Maybe SpitwSpots can get their act together and improve things.

From my conversations with them, they seem to be really struggling to figure out what’s going on.  It appears they have severe difficulties with remotely supporting a network, hundreds of miles away from their home base.

Support has no clue what engineering is up to and it appears management isn’t at all concerned about tarnishing their reputation.

I was impressed by their network topology, but it clearly doesn’t translate to capabilities or performance.  It appears their business plans and engineering plans are not at all in sync.

Overall, I’m not going to tell you not to use them.  They might work well for you.  My review is designed to inform you of what a customer experience looks like when things don’t go as planned.

Final Update:  Yup, They Don’t Care

In the interests of trying to improve Alaska’s internet, I decided to file an informal complaint against SpitwSpots with the FCC regarding my experience with them.

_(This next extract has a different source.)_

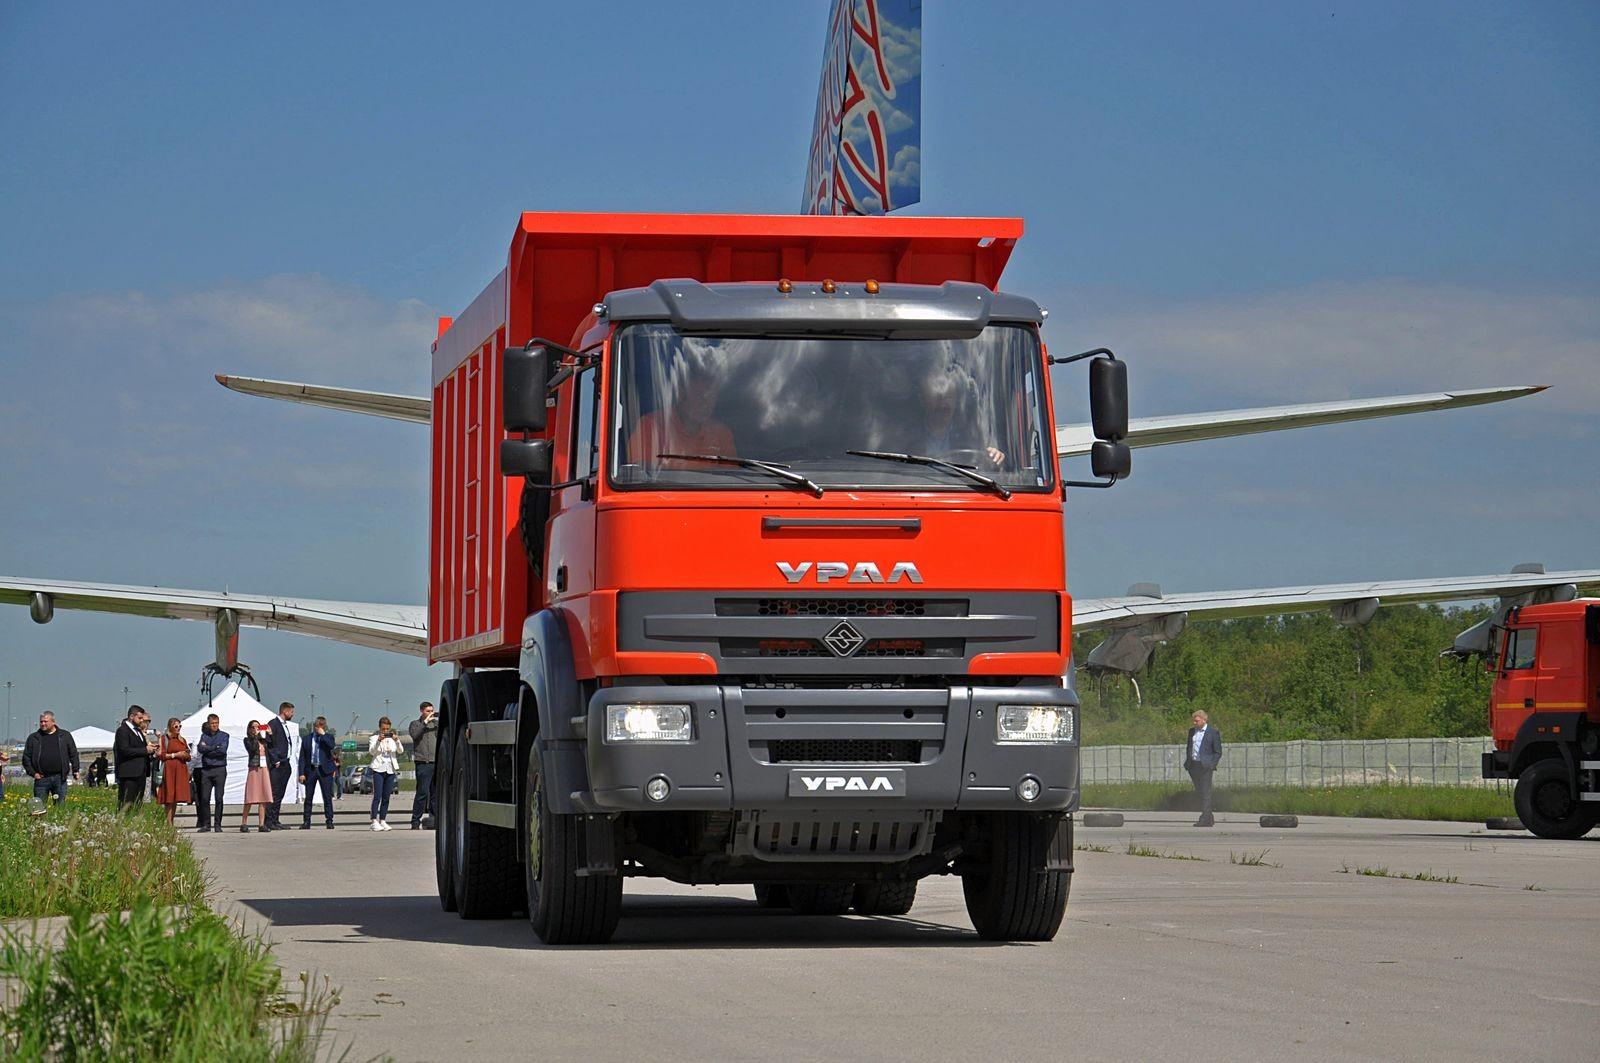 С итальянской кабиной и китайскими мостами: тест «городского» бескапотного Урала С35510 6x4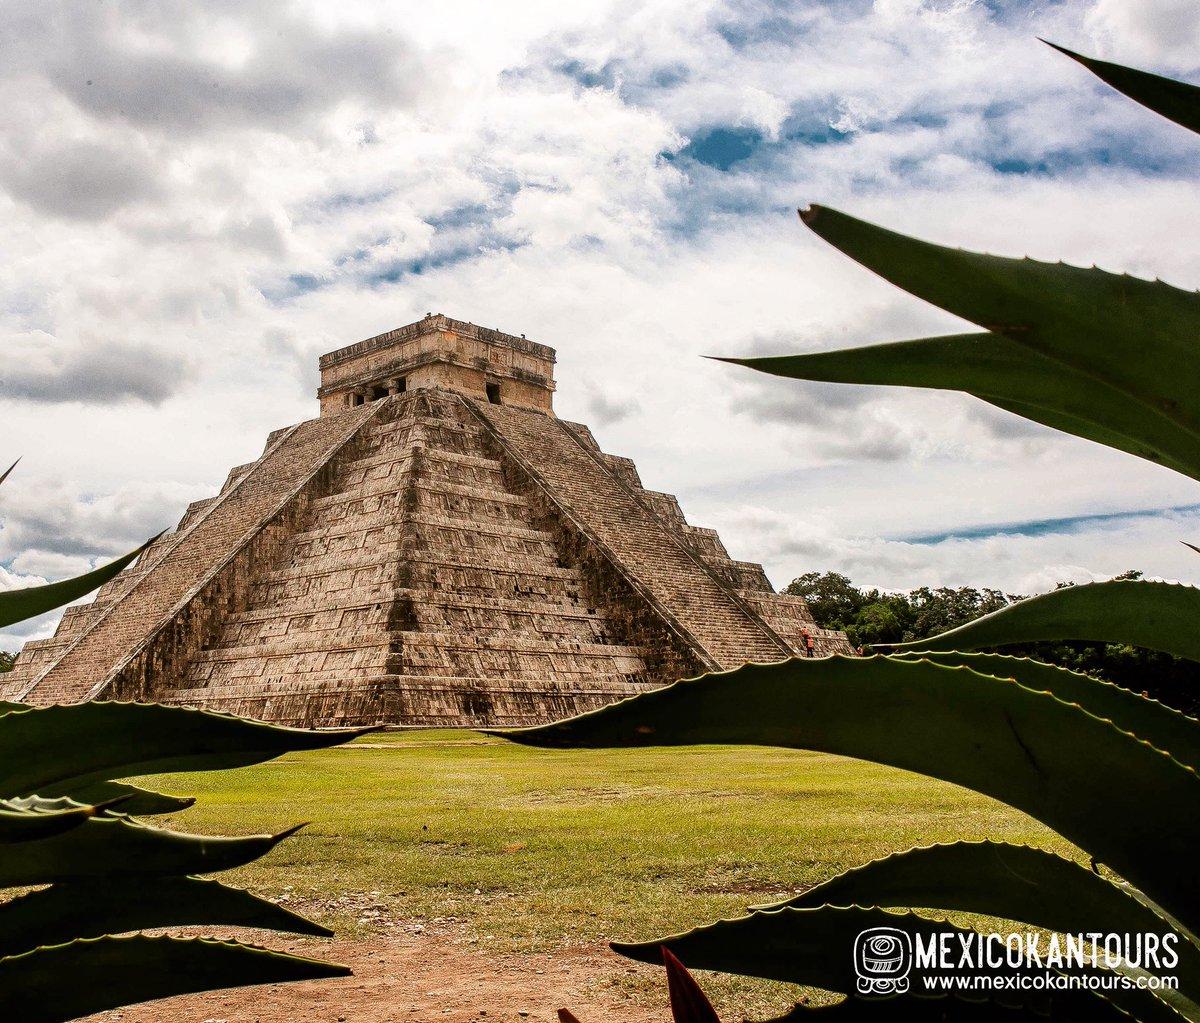 mexico kan tours eco tours tulum riviera maya mexicokantours

I want to make sure my voice is heard, especially as it might influence things like Federal funding and internet availability perceptions.  I also believe that internet companies need to be held to their advertised capabilities.

In no other business would it be acceptable to substitute an inferior product for a supposed high grade one.  These issues are notorious across the industry and we shouldn’t be settling for it.

Also, in 2023, internet companies shouldn’t be providing extremely poor, single digit megabit experiences.

These complaints are “supposed” to be responded to by the provider.  Perhaps as expected, I never received an informal reply to my complaint with the FCC.

Perhaps they’re too busy.  But, it really shows they just don’t care.

I will update this post if anything further comes from the complaint.